There are something over 1m EVs on our roads, very few are equipped with bi-directional onboard chargers which would enable V2G. Until a significant number are so equipped, it’s not going to happen.
None of the domestic chargers (actually just connectors – the charging units are built into the cars) presently installed are suitable for V2G. So they would all have to be replaced with new units, along with all future installations, which would also have to be fitted with the regulatory safety systems to avoid backfeeding the grid during a power outage.
The most any car could feed into the grid would be 7 kW (apart from some rare cases) so the numbers required to provide serious power would be huge.
Aiui – my knowledge is shaky here – any supply to the grid could only support the local low-voltage distribution network: power cannot be fed back into the higher voltage network. Large scale power transfers into the higher-voltage system and thus around the grid are impossible. Thus the amount of power that could be absorbed by the Grid would be limited by the demand in each local network relative to the output of the EVs connected to it.

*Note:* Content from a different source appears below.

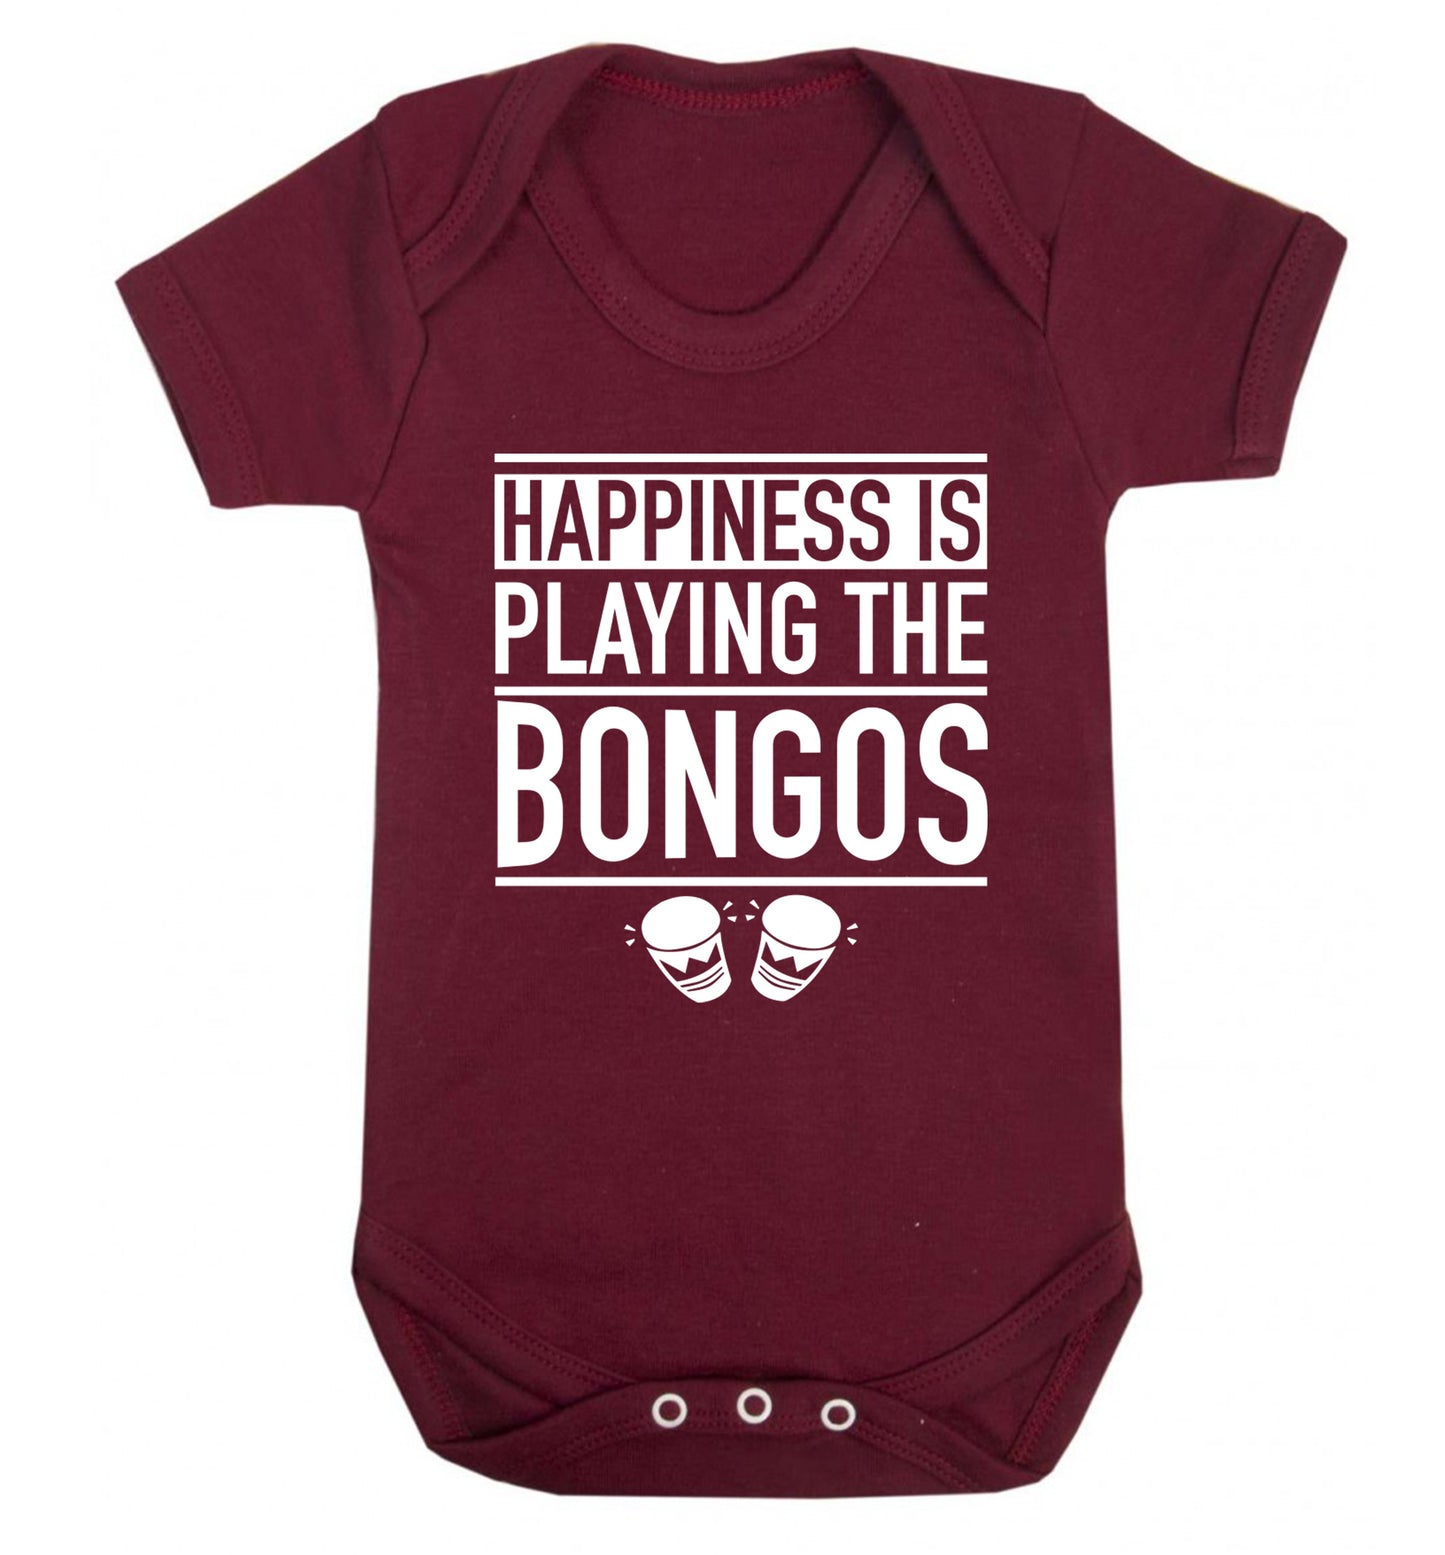 Happiness is playing the bongos Baby Vest maroon 18-24 months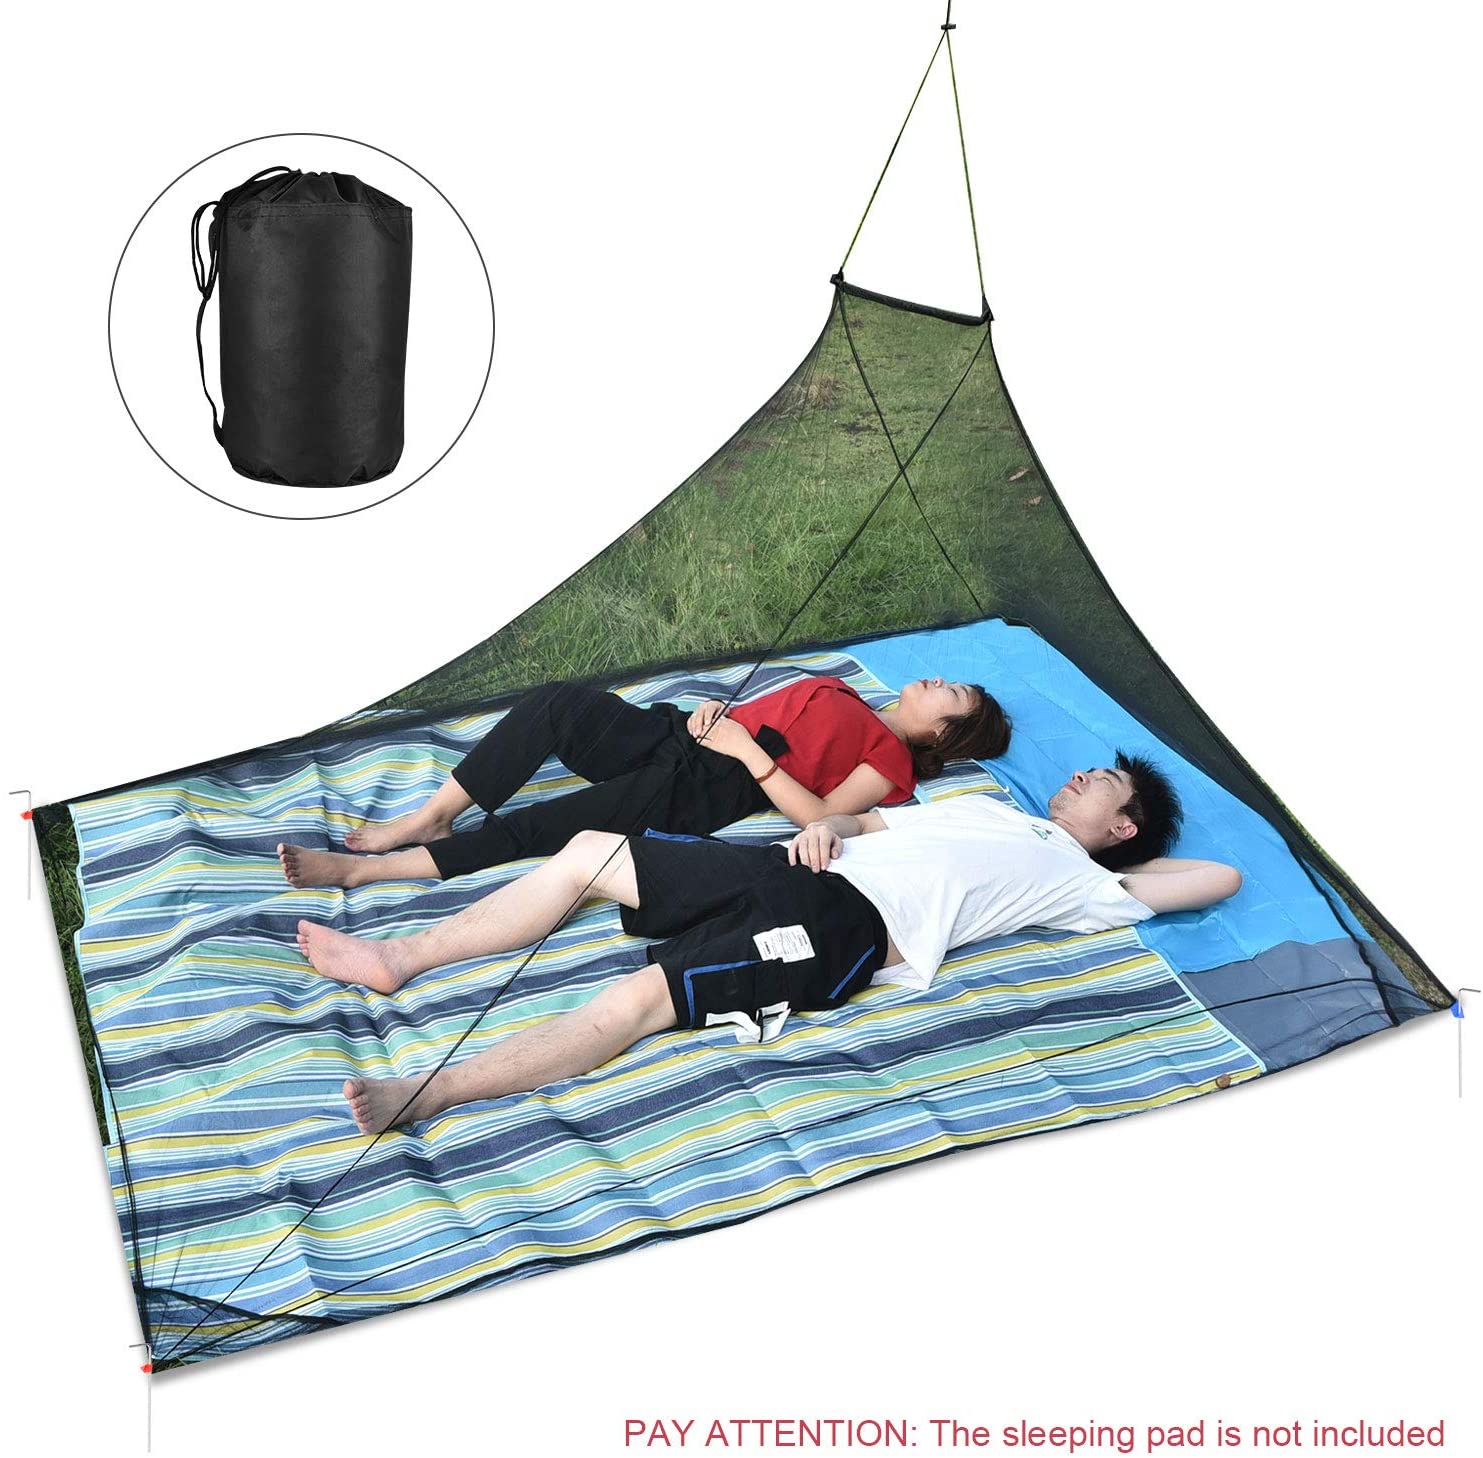 OTraki Mosquito Net for Single Person Camping Anti Mosquito Nets with Carry Bag 4 PCS Stakes Outdoor Travel Sleeping Bag Insect Netting Cover Portable Canopy Lightweight Mesh Tent Black

There simply would not be the scale to provide meaningful back-up. By 2030 there might be 10+ million EVs in use, if the mandate is realised. Even if all of them could provide most of their battery capacity – say 50 kWh – that would not go far during a period of dunkelflaute in an all-electric future with almost no nuclear to call on and gas generation unable to span the shortfall. It’s easy to foresee a shortfall of 20+ GW so even 500 GWh from all those batteries would last little more than a day.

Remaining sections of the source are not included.